-- Dataset records --
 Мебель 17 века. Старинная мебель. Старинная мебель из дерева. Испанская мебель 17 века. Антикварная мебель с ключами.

---

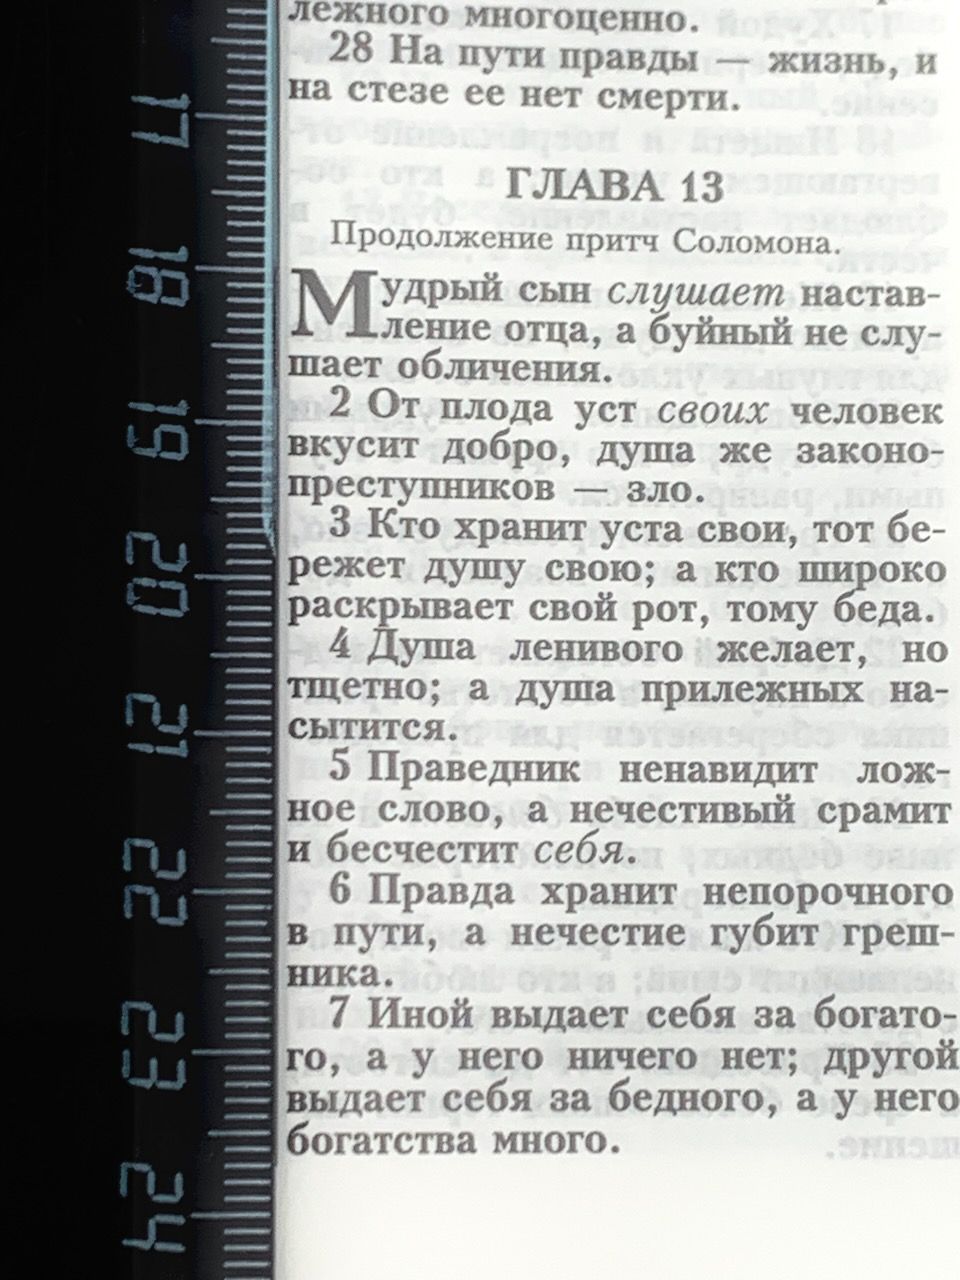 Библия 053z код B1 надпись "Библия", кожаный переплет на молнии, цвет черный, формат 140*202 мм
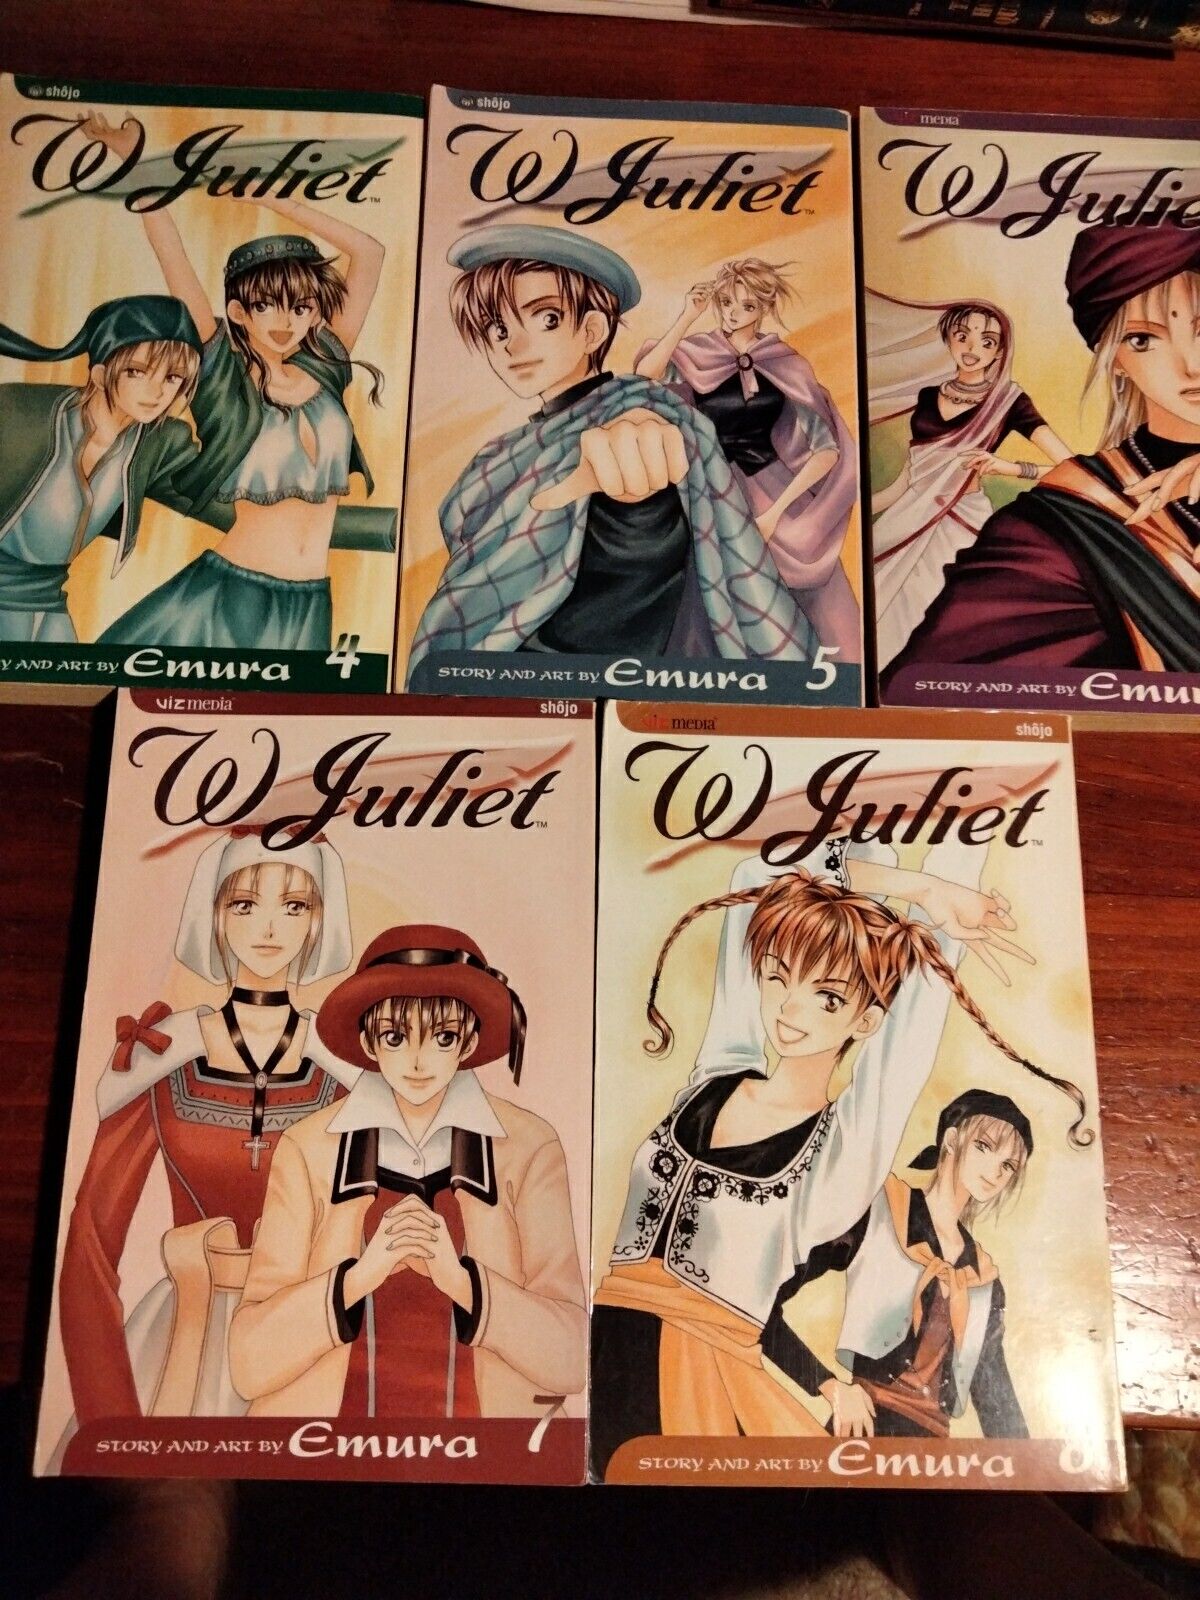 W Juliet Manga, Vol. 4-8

-- Work task --
Among the lines above, the one with "Библия 053z код" opens the part to repeat and the one with "W Juliet Manga, Vol. 4-8" closes it; repeat only that part exactly, with no pictures.

-- Your response --
 Библия 053z код B1 надпись "Библия", кожаный переплет на молнии, цвет черный, формат 140*202 мм
 W Juliet Manga, Vol. 4-8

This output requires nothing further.